As duas turbinas dos motores do novo Panamera ficam no "V" dos cilindros
Os números do Panamera no quesito consumo de combustível apresentados pela Porsche são os seguintes: o 4S V6, que cumpre o zero a 100 km/h em 4s2 e chega à máxima de 289 km/h, tem média combinada (urbano + rodoviário) de 12,3 km/litro de gasolina; o V8 Turbo, com zero a 100 km/h em 3s6 e máxima de 306 km/h, tem média de 10,7 km/l. São bons números para motores grandes e que movem um carro que pesa entre 1.870 kg e 1.995 kg (V6 e V8, em ordem de marcha). Ambos usam gasolina premium na Europa.

Já o Panamera 4S Diesel, que vai de zero a 100 km/h em 4s5 e crava a máxima de 285 km/h (mas com "torcaço" de 86,7 kgfm disponíveis a 1.000 rpm), registra no ciclo combinado o consumo de 15 km/l.

Direto do nosso Facebook: arrancando com o Panamera


RECHEIO
No conteúdo, o novo Panamera traz alguns itens tecnológicos que já são oferecidos em outros modelos da Porsche, como rodas traseiras esterçáveis, PASM (controle ativo da suspensão a ar adaptativa, que ajusta automaticamente a firmeza do conjunto), PDCC (controle de chassi), PTV Plus (vetorização do torque no eixo traseiro) e sistemas de condução semiautônoma (controle de cruzeiro adaptativo, assistente de faixa etc.).

A novidade é a introdução do 4D-Chassis Control, que centraliza a ativação desses e de outros sistemas a partir da análise eletrônica das condições de condução. Um exemplo dado pela própria Porsche: numa curva contornada de modo mais "dinâmico" (ou seja, em velocidade acima do razoável) pelo novo Panamera, o controle 4D pode decidir acionar todas os sistemas simultaneamente, modulando a intensidade de cada um, para atingir o objetivo de não sair do traçado e completar a manobra em segurança e com rapidez.

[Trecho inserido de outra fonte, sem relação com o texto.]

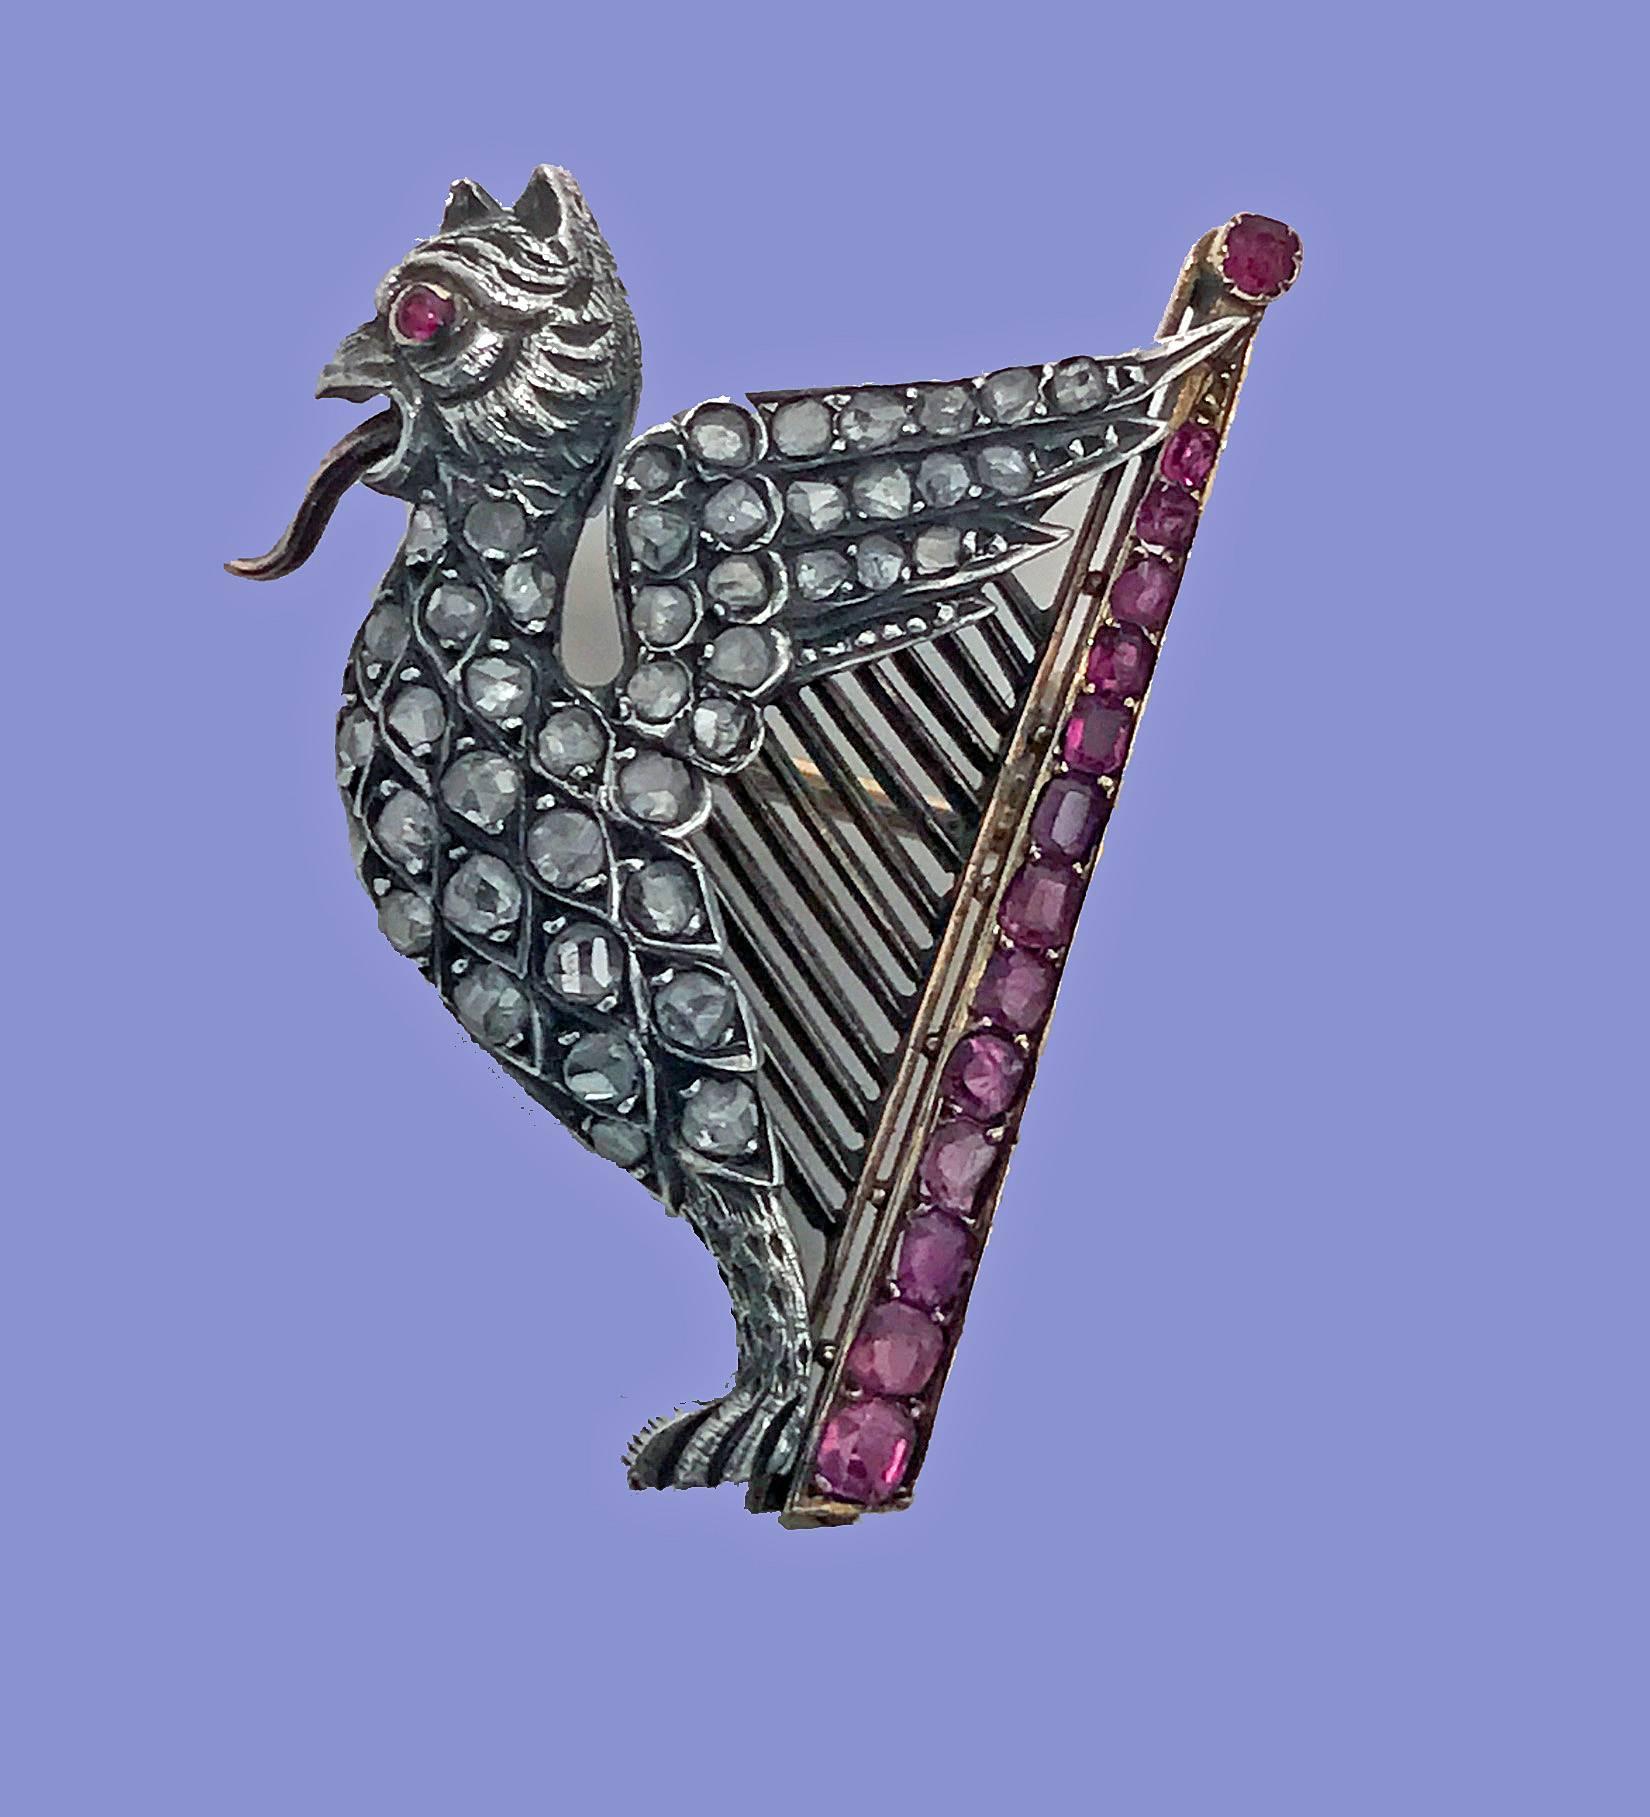 French Griffin and Harp ruby, diamond, pearl and 18-karat (tested) brooch, circa 1890. The winged griffin and harp brooch set in silver and gold. The tongue protruding griffin set with 43 small rose cut diamonds and cabochon ruby eye, realistic

Na cabine, o que mais chama a atenção é o conjunto de instrumentos e o multimídia. Atrás do volante, como é tradição na Porsche, salta aos olhos o conta-giros grande e centralizado. Mas ele é a única peça analógica do cluster: dos dois lados dele há telas com instrumentos virtuais -- inclusive o velocímetro.



O sistema multimídia possui tela tátil e wide de 12,3 polegadas e oferece alta conectividade com o smartphone dos ocupantes. Dependendo do país, pode-se inserir um cartão SIM com plano de dados num slot que fica dentro do porta-luvas, e então conectar o Panamera diretamente à internet. O som de série é Bose, mas cerca de 4 mil euros adicionais podem acrescentar a algumas versões um sistema 3D de altíssima gama, com 21 alto-falantes.

Claro, o Panamera é um sedã/cupê com alma de esportivo, mas também é um carro de luxo. Ele oferece apenas quatro lugares -- mas são quatro superbancos, todos eles com 18 ajustes de posição, oito de apoio lombar e cinco programas de massagem.

CARRO ONLINE andou no novo Panamera apenas como passageiro (veja no vídeo acima, que reproduz o post original em nosso Facebook), num circuito próximo a Dresden (EuroSpeedway Lausitzring), e por ora se abstém de emitir opinião sobre a condução do modelo. Os carros usados no evento da Porsche eram "pré-série", ou seja, feitos antes de a linha de produção começar a funcionar efetivamente -- além disso, tinham proteções plásticas grudadas na carroceria para evitar danos pelos resíduos da pista. 

MERCADO
A Porsche do Brasil ainda não tem os preços locais da nova geração do Panamera. CARRO ONLINE avalia que a versão topo, a Panamera Turbo, deve ultrapassar a marca do milhão de reais.

O carro vem experimentando uma queda nas vendas, em parte atribuível ao sucesso do SUV compacto Macan no país, que estaria roubando clientes mais interessados na marca Porsche do que numa carroceria específica. Segundo a assessoria da marca, em 2014 foram emplacadas 23 unidades do Panamera, caindo para 19 no ano passado. Este ano, em todo o Brasil foram apenas sete carros no 1º semestre.

A grife esportiva alemã acabou de apresentar ao mercado brasileiro a gama completa do 911 e também o "mais barato" 718 Boxster; agora mostra o Panamera e, logo mais, o 718 Cayman. Opção é o que não falta para os endinheirados.